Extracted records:
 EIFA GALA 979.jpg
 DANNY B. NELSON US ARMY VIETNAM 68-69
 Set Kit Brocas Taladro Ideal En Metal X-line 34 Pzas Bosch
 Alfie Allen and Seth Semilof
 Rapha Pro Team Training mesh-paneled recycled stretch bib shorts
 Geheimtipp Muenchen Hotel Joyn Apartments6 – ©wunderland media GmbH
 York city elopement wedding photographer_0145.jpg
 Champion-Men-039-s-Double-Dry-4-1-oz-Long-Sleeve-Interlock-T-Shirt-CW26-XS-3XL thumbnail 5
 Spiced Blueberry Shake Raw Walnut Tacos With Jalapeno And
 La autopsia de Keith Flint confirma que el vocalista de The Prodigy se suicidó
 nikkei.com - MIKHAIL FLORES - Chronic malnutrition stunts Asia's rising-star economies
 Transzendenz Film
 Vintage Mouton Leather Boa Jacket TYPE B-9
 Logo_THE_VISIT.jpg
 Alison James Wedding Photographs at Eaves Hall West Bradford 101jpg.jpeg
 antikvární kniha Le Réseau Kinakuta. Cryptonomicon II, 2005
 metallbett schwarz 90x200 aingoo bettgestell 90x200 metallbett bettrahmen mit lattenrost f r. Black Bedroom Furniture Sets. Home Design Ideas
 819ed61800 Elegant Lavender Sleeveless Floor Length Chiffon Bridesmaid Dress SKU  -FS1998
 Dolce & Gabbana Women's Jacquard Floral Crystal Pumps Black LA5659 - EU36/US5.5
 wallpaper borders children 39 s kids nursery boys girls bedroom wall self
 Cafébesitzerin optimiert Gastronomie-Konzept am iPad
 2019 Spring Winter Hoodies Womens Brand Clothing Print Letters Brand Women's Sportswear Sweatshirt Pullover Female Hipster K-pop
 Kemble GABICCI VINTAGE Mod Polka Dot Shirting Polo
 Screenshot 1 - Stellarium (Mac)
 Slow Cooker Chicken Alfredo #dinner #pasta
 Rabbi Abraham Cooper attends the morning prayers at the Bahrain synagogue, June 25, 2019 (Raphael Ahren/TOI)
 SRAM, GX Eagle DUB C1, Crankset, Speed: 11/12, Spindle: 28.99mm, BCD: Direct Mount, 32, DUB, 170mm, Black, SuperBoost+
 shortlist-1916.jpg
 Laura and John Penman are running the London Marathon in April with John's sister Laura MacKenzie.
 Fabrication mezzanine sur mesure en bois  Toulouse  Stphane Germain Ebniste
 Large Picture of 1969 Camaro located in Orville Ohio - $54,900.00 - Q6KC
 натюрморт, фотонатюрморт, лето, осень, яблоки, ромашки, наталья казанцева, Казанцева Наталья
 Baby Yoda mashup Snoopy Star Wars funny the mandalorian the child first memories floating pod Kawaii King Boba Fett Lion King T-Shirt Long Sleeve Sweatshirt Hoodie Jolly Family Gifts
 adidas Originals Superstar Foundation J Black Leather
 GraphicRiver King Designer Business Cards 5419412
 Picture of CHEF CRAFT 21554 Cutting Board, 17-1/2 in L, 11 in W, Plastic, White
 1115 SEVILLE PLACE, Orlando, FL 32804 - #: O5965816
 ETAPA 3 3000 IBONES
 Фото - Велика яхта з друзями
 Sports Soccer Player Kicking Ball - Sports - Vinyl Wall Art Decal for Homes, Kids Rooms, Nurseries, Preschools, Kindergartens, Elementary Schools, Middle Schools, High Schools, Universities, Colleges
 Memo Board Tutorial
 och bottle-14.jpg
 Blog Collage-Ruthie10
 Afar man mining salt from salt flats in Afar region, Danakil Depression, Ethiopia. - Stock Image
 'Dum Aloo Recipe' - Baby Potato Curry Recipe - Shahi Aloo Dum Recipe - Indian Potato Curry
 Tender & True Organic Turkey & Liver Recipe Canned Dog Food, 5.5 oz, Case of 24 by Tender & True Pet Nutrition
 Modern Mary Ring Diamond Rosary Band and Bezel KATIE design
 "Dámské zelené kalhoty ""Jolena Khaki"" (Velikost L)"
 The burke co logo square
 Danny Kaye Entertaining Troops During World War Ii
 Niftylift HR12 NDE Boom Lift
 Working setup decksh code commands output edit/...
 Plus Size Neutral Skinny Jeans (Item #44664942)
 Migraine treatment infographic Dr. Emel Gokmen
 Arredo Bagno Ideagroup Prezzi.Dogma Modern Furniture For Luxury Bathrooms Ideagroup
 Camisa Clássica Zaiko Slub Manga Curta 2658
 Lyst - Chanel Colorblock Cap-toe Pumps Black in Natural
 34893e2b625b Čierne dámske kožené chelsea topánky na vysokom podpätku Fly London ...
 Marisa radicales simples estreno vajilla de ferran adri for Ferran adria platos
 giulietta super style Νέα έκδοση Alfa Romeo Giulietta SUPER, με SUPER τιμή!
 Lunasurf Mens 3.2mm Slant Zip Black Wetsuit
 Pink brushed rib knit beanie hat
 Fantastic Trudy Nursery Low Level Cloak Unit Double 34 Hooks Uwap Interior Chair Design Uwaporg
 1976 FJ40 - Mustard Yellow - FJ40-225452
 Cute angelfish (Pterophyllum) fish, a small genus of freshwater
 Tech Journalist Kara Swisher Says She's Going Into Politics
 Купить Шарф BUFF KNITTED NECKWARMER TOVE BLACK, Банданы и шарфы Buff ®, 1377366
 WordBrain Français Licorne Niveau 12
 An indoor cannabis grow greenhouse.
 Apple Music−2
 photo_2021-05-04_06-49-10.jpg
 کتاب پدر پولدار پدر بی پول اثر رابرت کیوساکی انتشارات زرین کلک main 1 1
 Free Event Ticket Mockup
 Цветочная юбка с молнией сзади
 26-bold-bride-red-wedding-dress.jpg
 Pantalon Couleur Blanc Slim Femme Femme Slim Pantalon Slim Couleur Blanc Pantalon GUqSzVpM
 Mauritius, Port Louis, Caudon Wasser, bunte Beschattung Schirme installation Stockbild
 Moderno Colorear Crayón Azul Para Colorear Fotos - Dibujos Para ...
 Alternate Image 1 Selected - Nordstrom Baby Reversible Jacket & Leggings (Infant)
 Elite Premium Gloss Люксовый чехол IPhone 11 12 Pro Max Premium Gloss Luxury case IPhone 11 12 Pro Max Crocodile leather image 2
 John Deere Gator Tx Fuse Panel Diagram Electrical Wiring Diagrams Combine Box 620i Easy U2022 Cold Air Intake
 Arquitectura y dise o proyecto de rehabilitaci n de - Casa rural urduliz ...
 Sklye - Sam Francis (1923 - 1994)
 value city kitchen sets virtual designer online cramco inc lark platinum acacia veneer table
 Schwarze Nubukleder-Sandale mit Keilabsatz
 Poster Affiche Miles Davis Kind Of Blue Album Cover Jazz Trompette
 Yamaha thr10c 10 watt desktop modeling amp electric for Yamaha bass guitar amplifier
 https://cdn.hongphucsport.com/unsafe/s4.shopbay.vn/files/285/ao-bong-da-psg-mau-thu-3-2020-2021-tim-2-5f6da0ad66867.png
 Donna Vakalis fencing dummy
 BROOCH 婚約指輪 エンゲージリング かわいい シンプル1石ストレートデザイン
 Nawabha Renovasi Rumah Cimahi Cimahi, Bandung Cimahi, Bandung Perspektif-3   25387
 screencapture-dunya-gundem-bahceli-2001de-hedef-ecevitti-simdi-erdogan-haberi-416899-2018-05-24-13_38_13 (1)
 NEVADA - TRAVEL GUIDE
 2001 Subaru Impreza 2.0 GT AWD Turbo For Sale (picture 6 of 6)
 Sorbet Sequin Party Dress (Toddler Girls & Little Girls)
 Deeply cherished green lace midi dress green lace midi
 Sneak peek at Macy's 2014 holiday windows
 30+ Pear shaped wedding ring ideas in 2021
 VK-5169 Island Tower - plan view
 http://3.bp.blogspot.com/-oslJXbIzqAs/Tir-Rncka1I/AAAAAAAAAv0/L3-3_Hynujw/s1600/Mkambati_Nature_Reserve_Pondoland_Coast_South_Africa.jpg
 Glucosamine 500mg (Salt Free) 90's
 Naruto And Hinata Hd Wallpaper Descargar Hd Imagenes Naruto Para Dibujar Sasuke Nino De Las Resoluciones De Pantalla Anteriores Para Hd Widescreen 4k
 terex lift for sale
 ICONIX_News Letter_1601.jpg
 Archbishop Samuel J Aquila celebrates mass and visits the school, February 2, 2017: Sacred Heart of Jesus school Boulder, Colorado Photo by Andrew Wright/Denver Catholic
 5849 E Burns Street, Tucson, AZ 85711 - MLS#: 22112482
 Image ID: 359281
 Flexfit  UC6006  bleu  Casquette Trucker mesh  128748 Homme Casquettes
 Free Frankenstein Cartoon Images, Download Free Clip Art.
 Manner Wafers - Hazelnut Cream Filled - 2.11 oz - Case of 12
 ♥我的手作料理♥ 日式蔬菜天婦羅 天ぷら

→ **TASK TO CARRY OUT**
Word for word, restate the lines of the data above that fall between the line holding "Lunasurf Mens 3.2mm Slant Zip Black Wetsuit" and the line holding "Donna Vakalis fencing dummy", inclusive, and no other lines.

→ **ANSWER BOX**
 Lunasurf Mens 3.2mm Slant Zip Black Wetsuit
 Pink brushed rib knit beanie hat
 Fantastic Trudy Nursery Low Level Cloak Unit Double 34 Hooks Uwap Interior Chair Design Uwaporg
 1976 FJ40 - Mustard Yellow - FJ40-225452
 Cute angelfish (Pterophyllum) fish, a small genus of freshwater
 Tech Journalist Kara Swisher Says She's Going Into Politics
 Купить Шарф BUFF KNITTED NECKWARMER TOVE BLACK, Банданы и шарфы Buff ®, 1377366
 WordBrain Français Licorne Niveau 12
 An indoor cannabis grow greenhouse.
 Apple Music−2
 photo_2021-05-04_06-49-10.jpg
 کتاب پدر پولدار پدر بی پول اثر رابرت کیوساکی انتشارات زرین کلک main 1 1
 Free Event Ticket Mockup
 Цветочная юбка с молнией сзади
 26-bold-bride-red-wedding-dress.jpg
 Pantalon Couleur Blanc Slim Femme Femme Slim Pantalon Slim Couleur Blanc Pantalon GUqSzVpM
 Mauritius, Port Louis, Caudon Wasser, bunte Beschattung Schirme installation Stockbild
 Moderno Colorear Crayón Azul Para Colorear Fotos - Dibujos Para ...
 Alternate Image 1 Selected - Nordstrom Baby Reversible Jacket & Leggings (Infant)
 Elite Premium Gloss Люксовый чехол IPhone 11 12 Pro Max Premium Gloss Luxury case IPhone 11 12 Pro Max Crocodile leather image 2
 John Deere Gator Tx Fuse Panel Diagram Electrical Wiring Diagrams Combine Box 620i Easy U2022 Cold Air Intake
 Arquitectura y dise o proyecto de rehabilitaci n de - Casa rural urduliz ...
 Sklye - Sam Francis (1923 - 1994)
 value city kitchen sets virtual designer online cramco inc lark platinum acacia veneer table
 Schwarze Nubukleder-Sandale mit Keilabsatz
 Poster Affiche Miles Davis Kind Of Blue Album Cover Jazz Trompette
 Yamaha thr10c 10 watt desktop modeling amp electric for Yamaha bass guitar amplifier
 https://cdn.hongphucsport.com/unsafe/s4.shopbay.vn/files/285/ao-bong-da-psg-mau-thu-3-2020-2021-tim-2-5f6da0ad66867.png
 Donna Vakalis fencing dummy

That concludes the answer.